A slice of MI300 stack from the carrier silicon at the top to the solder ball at the bottom of the package.AMD
“What we wanted to do with MI300 was to scale beyond what was possible in a single monolithic GPU. So we deconstructed it into pieces and then built it back up,” says Alan Smith, a senior fellow and the chief architect for Instinct. Although it’s been doing so for several generations of CPUs, the MI300 is the first time the company has made GPU chiplets and bound them in a single system.
“Breaking the GPU into chiplets allowed us to put the compute in the most advanced process node while keeping the rest of the chip in technology that’s more appropriate for cache and I/O,” he says. In the case of the MI300, all the compute was built using TSMC’s N5 process, the most advanced available and the one used for Nvidia’s top-line GPUs. Neither the I/O functions nor the system’s cache memory benefit from N5, so AMD chose a less-expensive technology (N6) for those. Therefore, those two functions could then be built together on the same chiplet.

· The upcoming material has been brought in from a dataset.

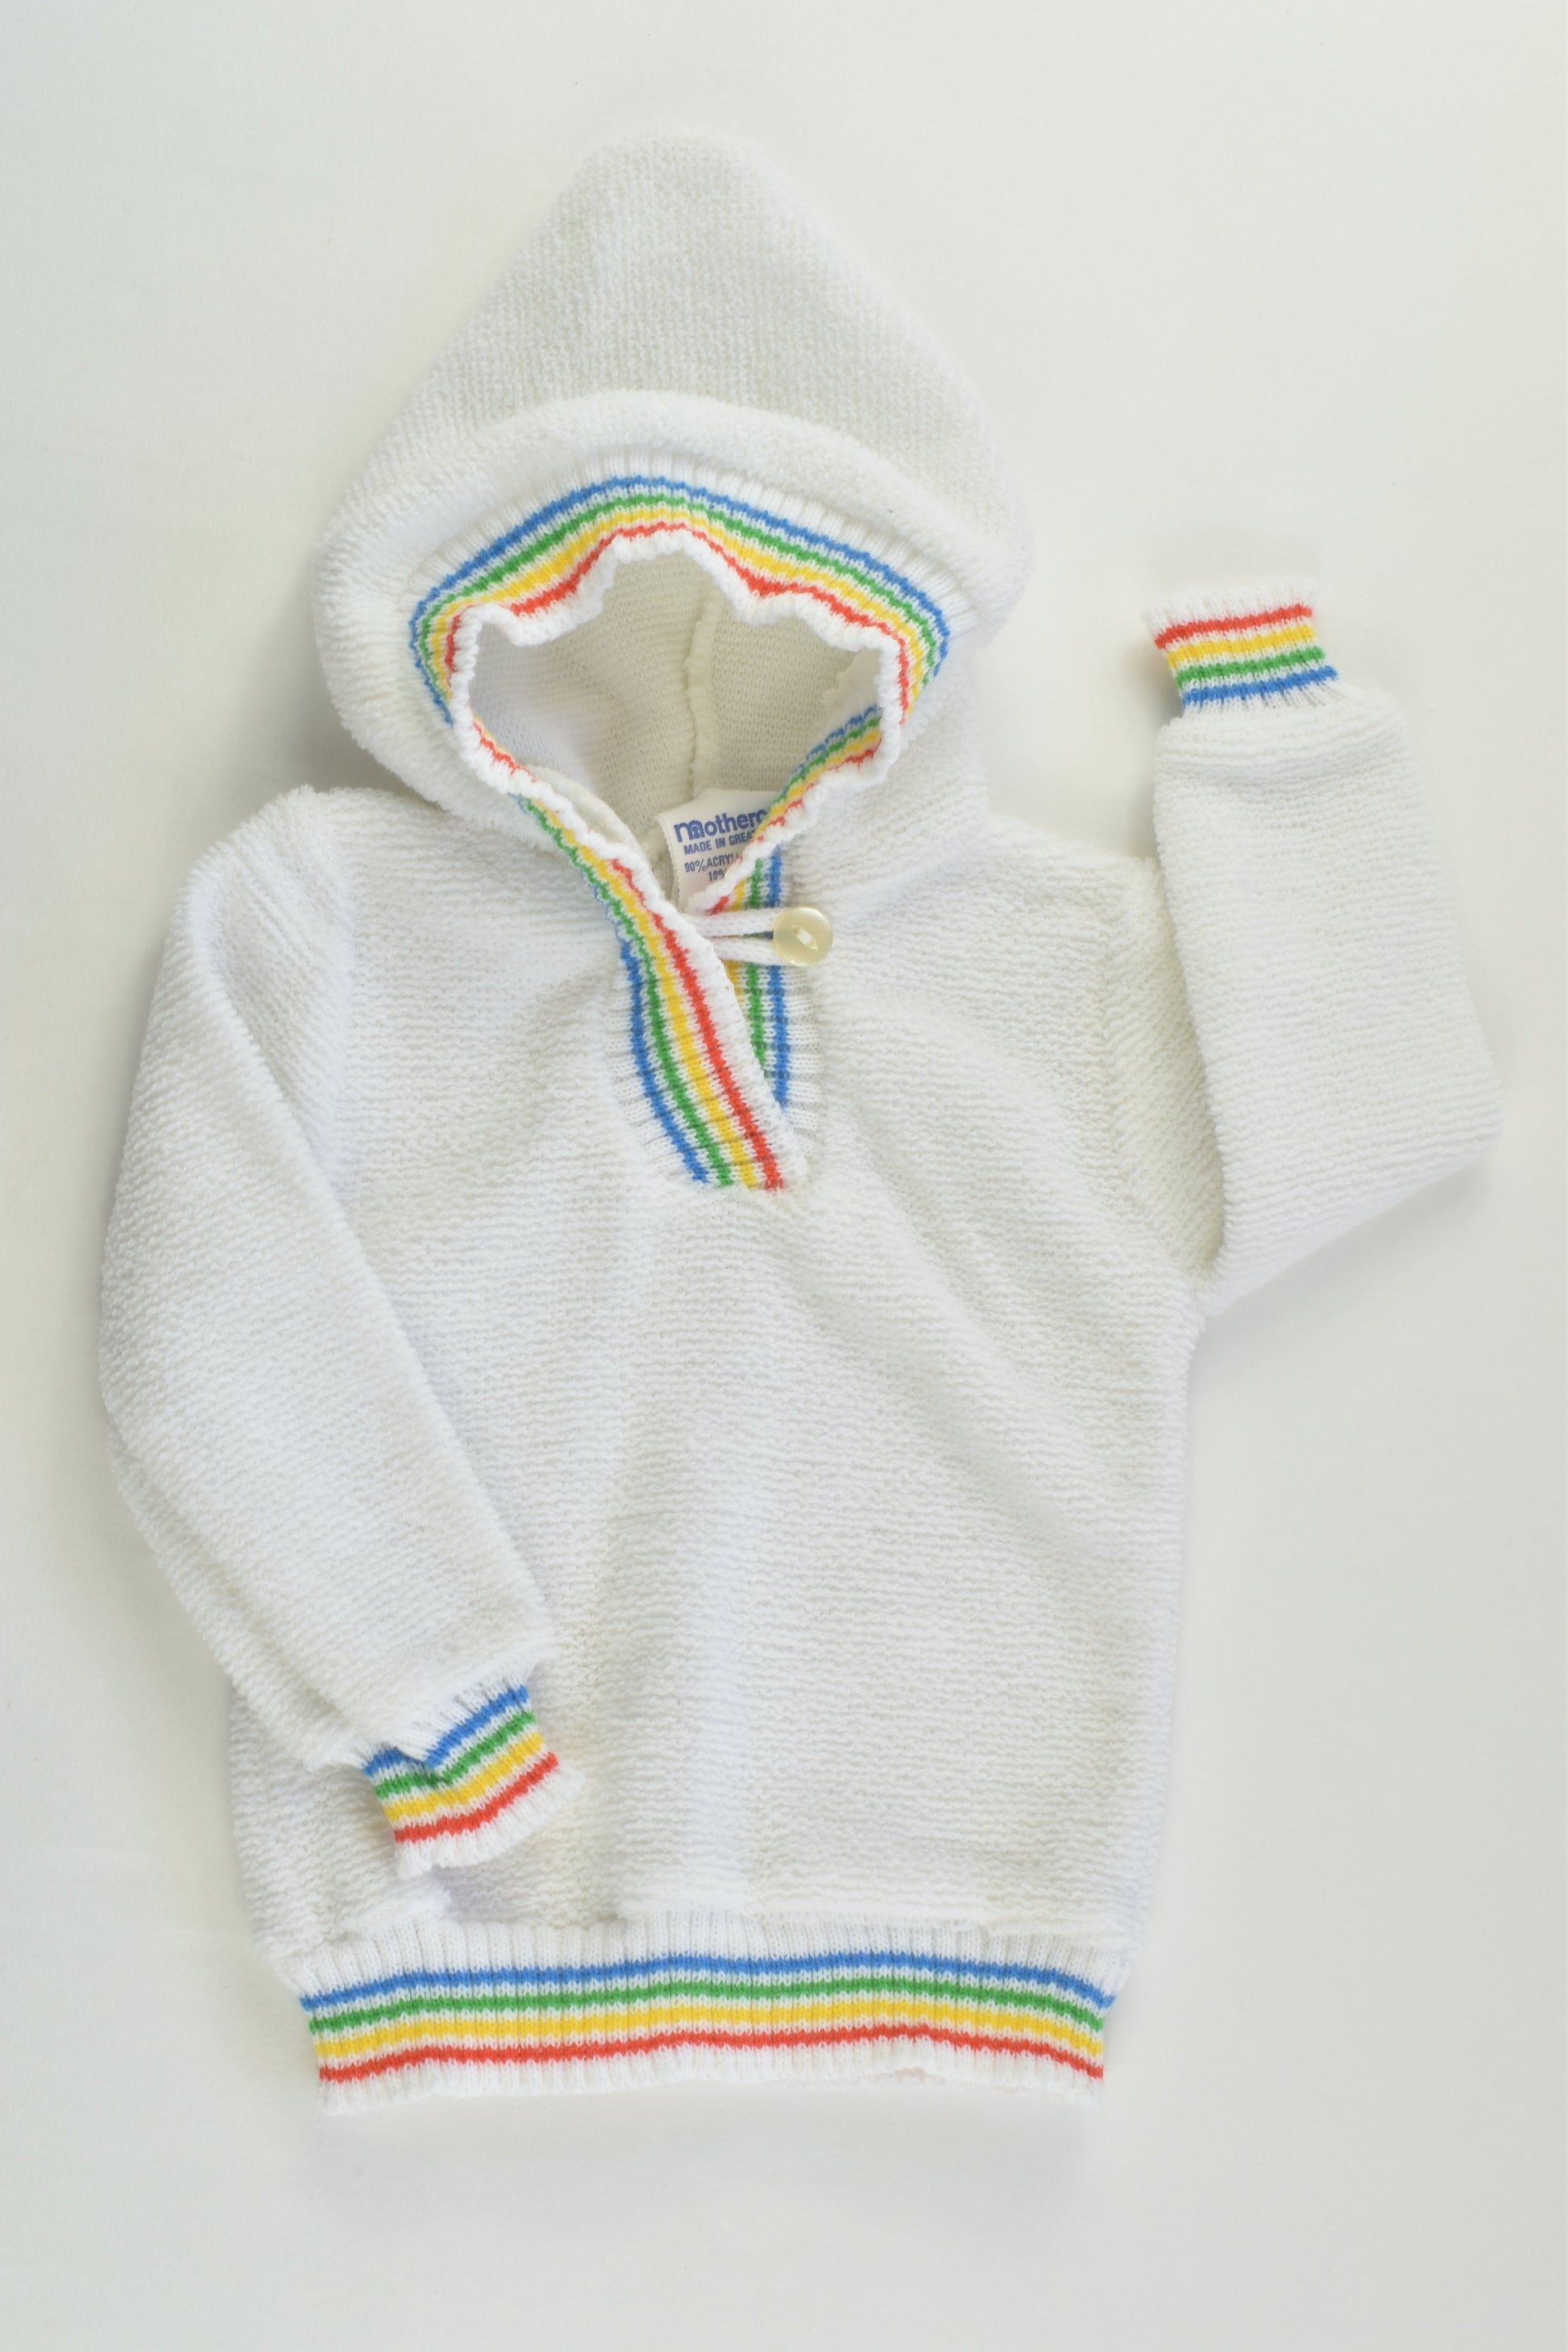 NEW Mothercare Size 00 (70 cm) Vintage Rainbow Stripes Jumper

With the functions broken up, all the pieces of silicon involved in the MI300 are small. The largest, the I/O dies, are not even half the size of Hopper. And the CCDs are only about one-fifth the size of the I/O die. The small sizes make a big difference. Generally, smaller chips yield better. That is, a single wafer will provide a higher proportion of working small chips than it would large chips. “3D integration isn’t free,” says Naffziger. But the higher yield offsets the cost, he says.
Luck and experience
The design involved some clever reuse of existing technologies and designs, a few compromises, and a little luck, according to Naffziger, an IEEE Fellow. The reuse came in two instances. First, AMD was able to do the 3D integration with a degree of confidence because it had already been using the exact same pitch of vertical interconnects—9 micrometers—in its V-cache product.

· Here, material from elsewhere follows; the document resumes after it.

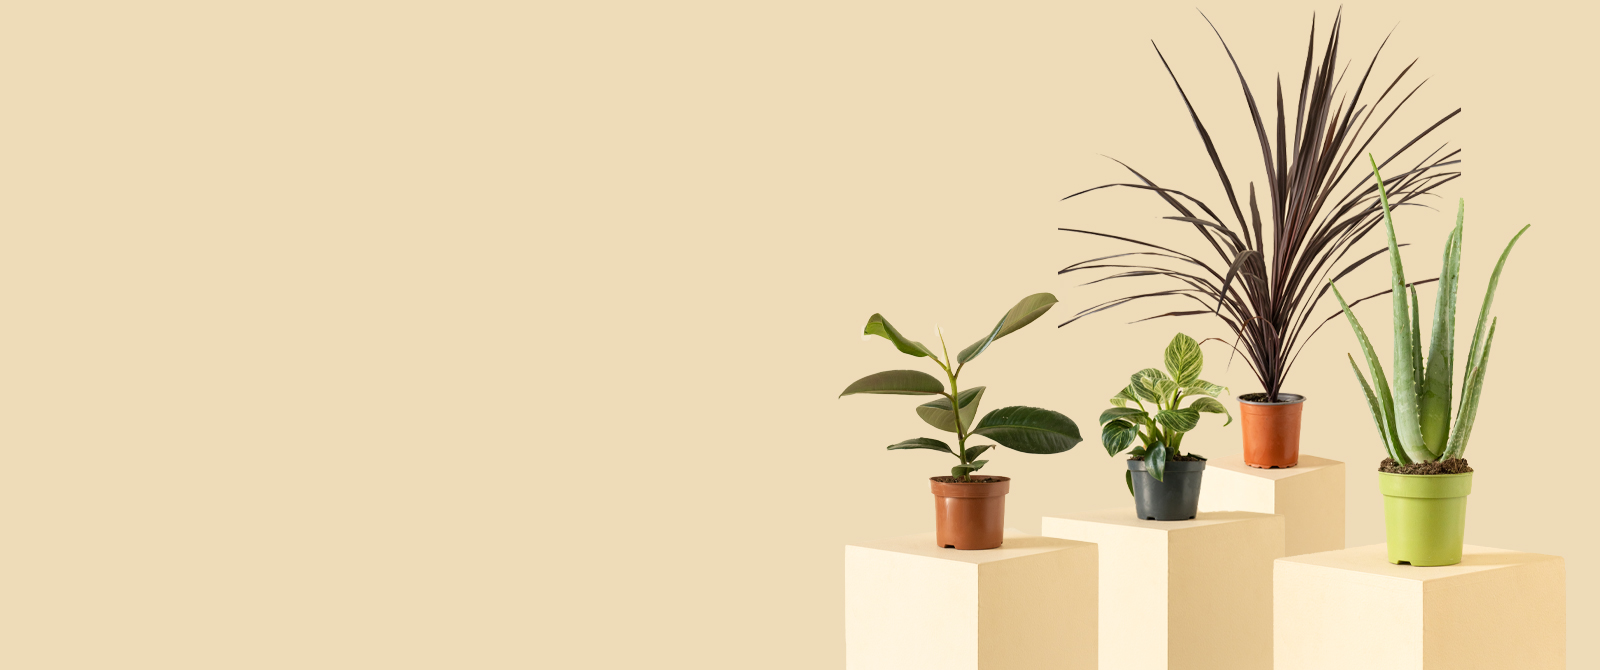 Homepage-banner-Plants-1

As an optional add-on that AMD was able to charge extra for, V-cache offers little risk that poor yield or other problems will have a big impact on the company. “It’s been a great thing to enable us to wring out the manufacturing problems and all the design complexities of 3D stacking without endangering the main product line,” says Naffziger.
The other instance of reuse was a bit chancier. When the MI300 team decided that a CPU/GPU combination was needed, Naffziger “somewhat sheepishly” asked the head of the team designing the Zen4 CCD for the Genoa CPU if the CCD could be made to fit the MI300’s needs. That team was under pressure to meet an earlier deadline than expected, but a day later they responded. Naffziger was in luck; the Zen4 CCD had a small blank space in just the right spot to make the vertical connections to the MI300 I/O die and their associated circuitry without a disruption to the overall design.
Nevertheless, there was still some geometry that needed solving. To make all the internal communications work, the four I/O chiplets had to be facing each other on a particular edge. That meant making a mirror-image version of the chiplet. Because it was codesigned with the I/O chiplet, the XCD and its vertical connections were built to link up with both versions of the I/O. But there was no messing with the CCD, which they were lucky to have at all. So instead the I/O was designed with redundant connections, so that no matter which version of the chiplet it sat on, the CCD would connect.
To get everything to line up, the IOD chiplets had to be made as mirrors of each other, and the accelerator (XCD) and compute (CCD) chiplets had to be rotated.AMD
The power grid, which has to deliver hundreds of amperes of current to the compute dies at the top of the stack, faced similar challenges because it too had to accommodate all the various chiplet orientations, Naffziger noted.